So I painted in Monet’s gardens in Giverny, where, of course, Monet himself painted. And I was duly inspired--more to come on those times! But as part of the workshop, we explored other small towns of Upper Normandy. One day, we visited Vethueil (and don’t ask me to pronounce it, I have only just managed to learn to spell it), where Monet lived prior to Giverny, and where, legend has it, he left with his family in the middle of the night when he couldn’t pay the rent, leaving paintings for payment.
From there, we took a small ferry across the river Seine to Lavacourt, where, on the banks of the river, we set up our easels to look back across the river and paint the view of Vethueil--the same vantage point Monet painted from, over a century earlier.
A small cafe, moss growing on its thatched roof, overlooked the riverbank where we painted, and was probably where Monet grabbed a bite of lunch, as did we.

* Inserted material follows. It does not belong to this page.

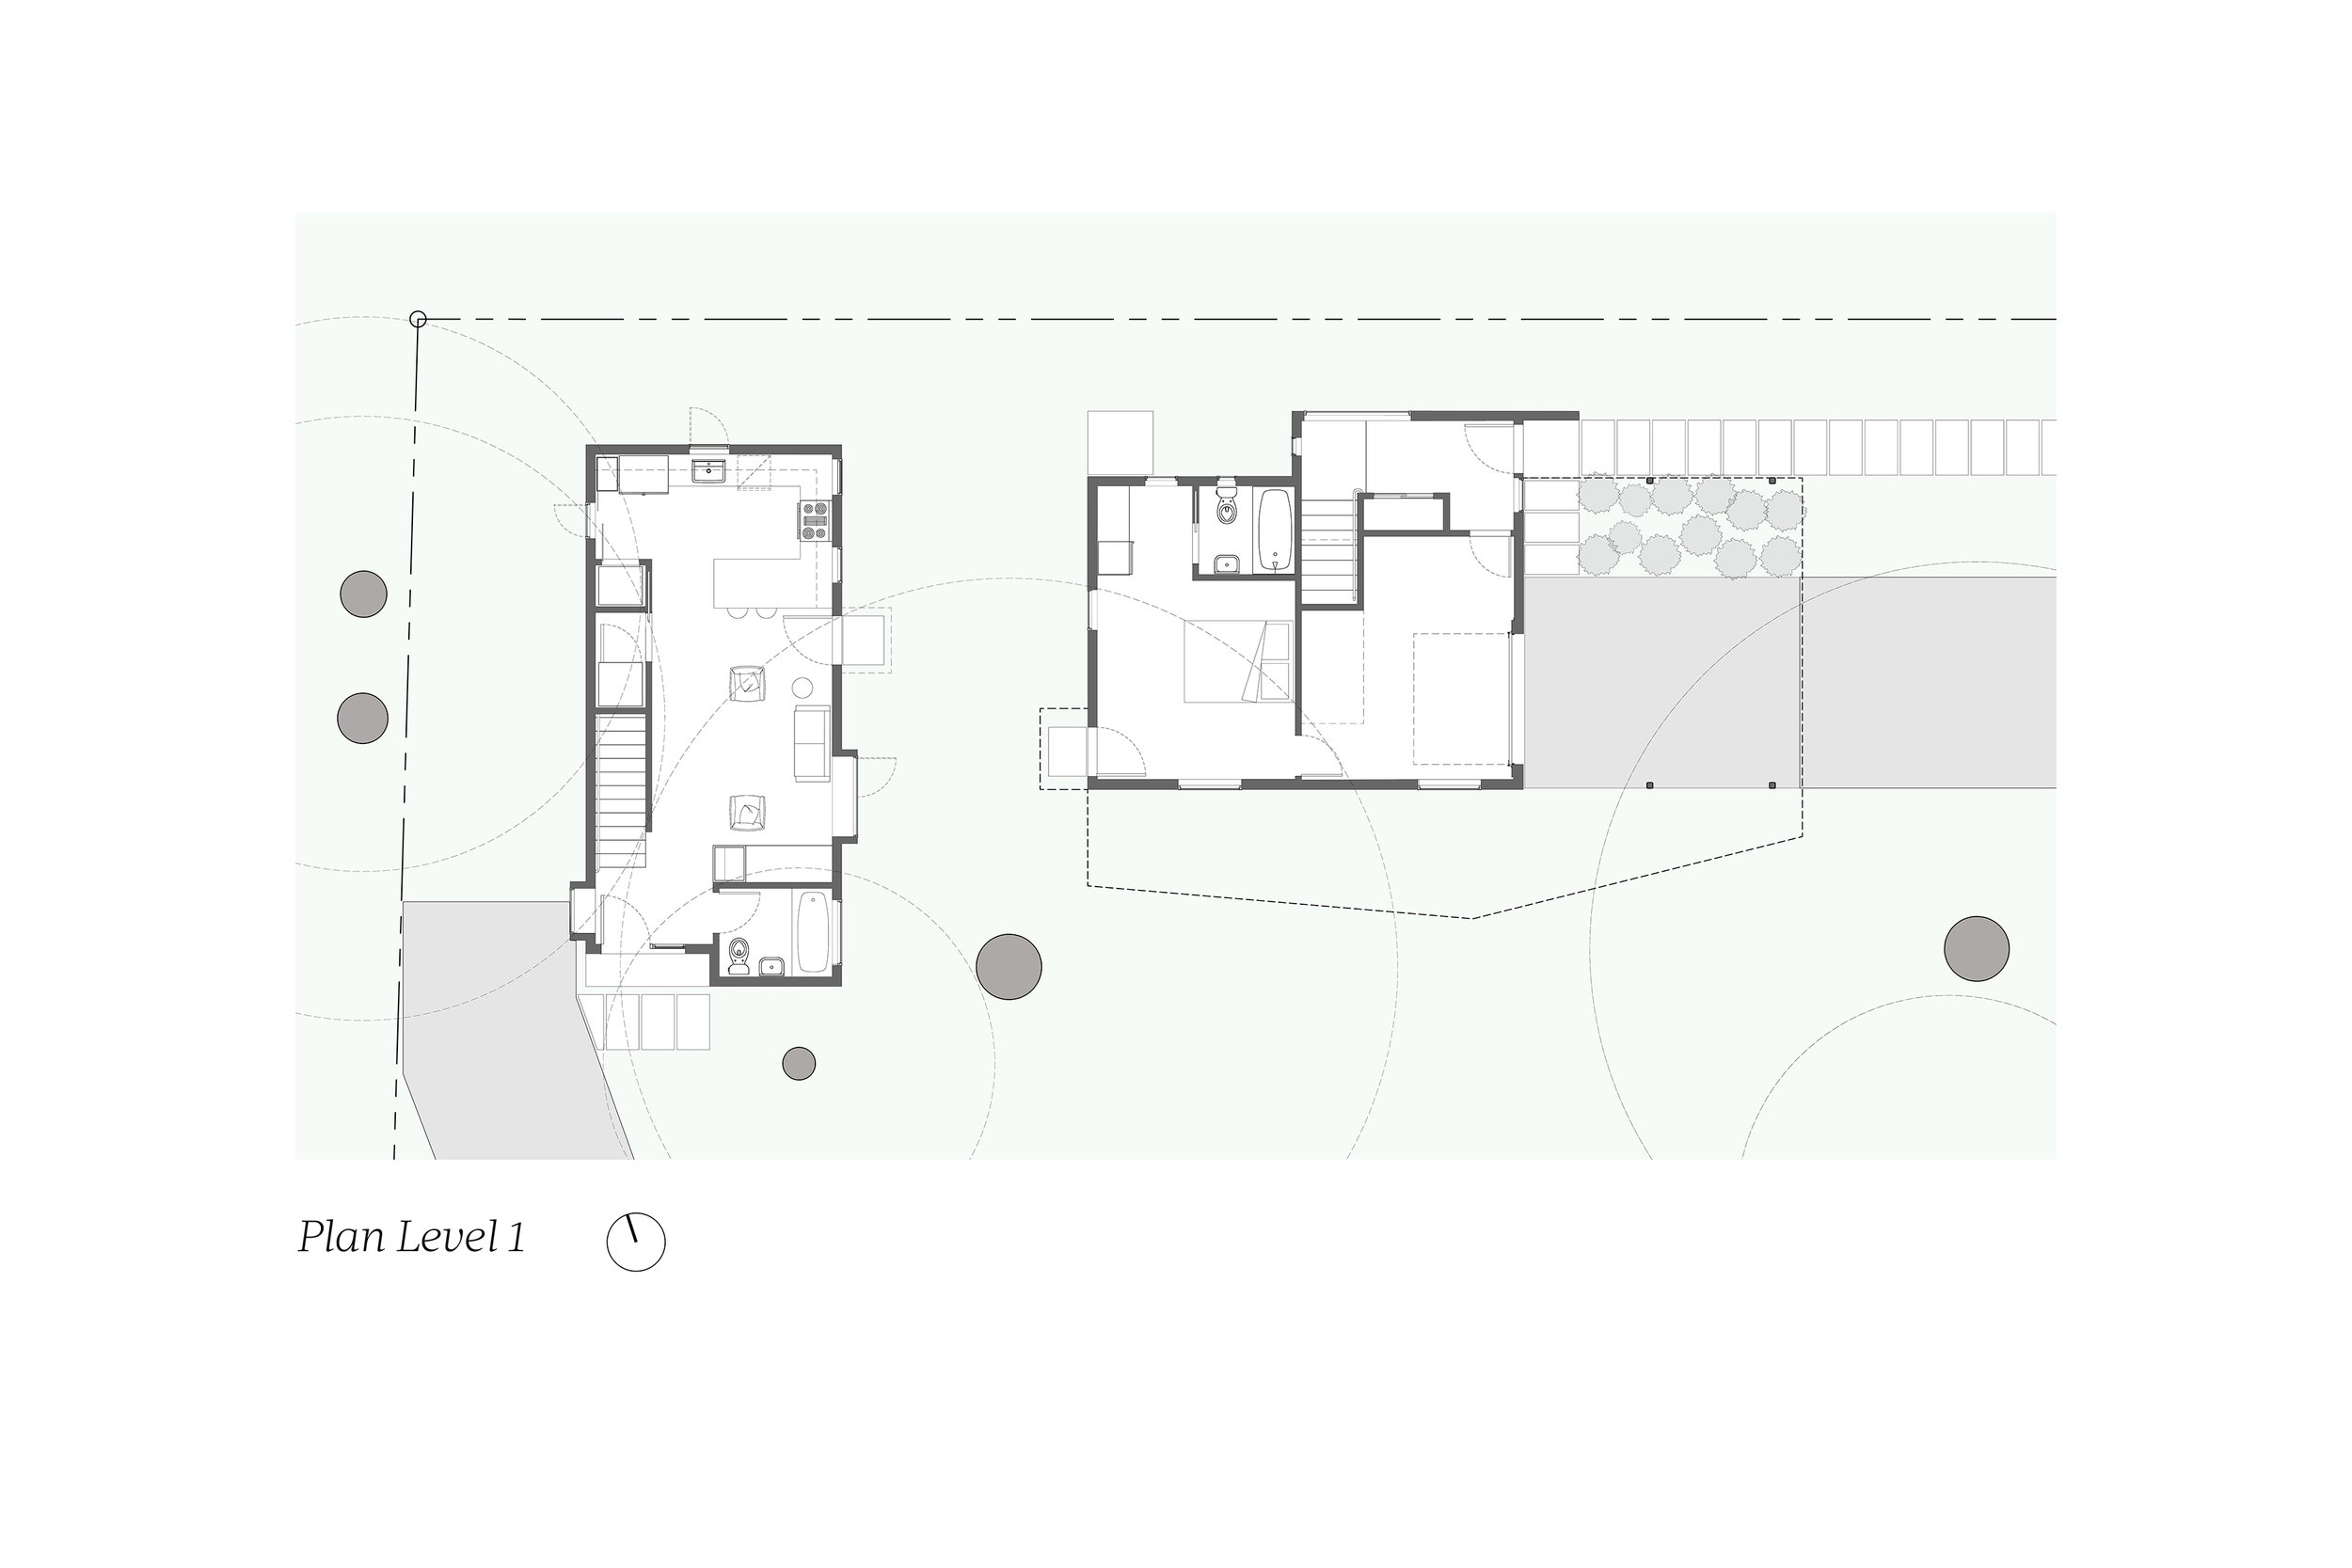 037_MS_Floor Plans.jpg

Not much has changed of the village view, except that the trees are taller, and the boats that ply the river have motors instead of sails.
What was it that so caught my imagination about painting there, right there, where Monet worked? What made that day, that spot, different?
Somehow, a deep connection grew as I focused, concentrated, and yes, struggled, to find the right colors, the right shapes, the right brush strokes to convey this moment in time, this place. The same type of struggle, perhaps, that Monet felt, that so many artists have felt and still feel, as they dig deep into themselves. It is a struggle that frustrates us, that stymies us, that won’t let us go, and that rewards us like nothing else.
That is the struggle out of which my painting, Vethueil View, was created.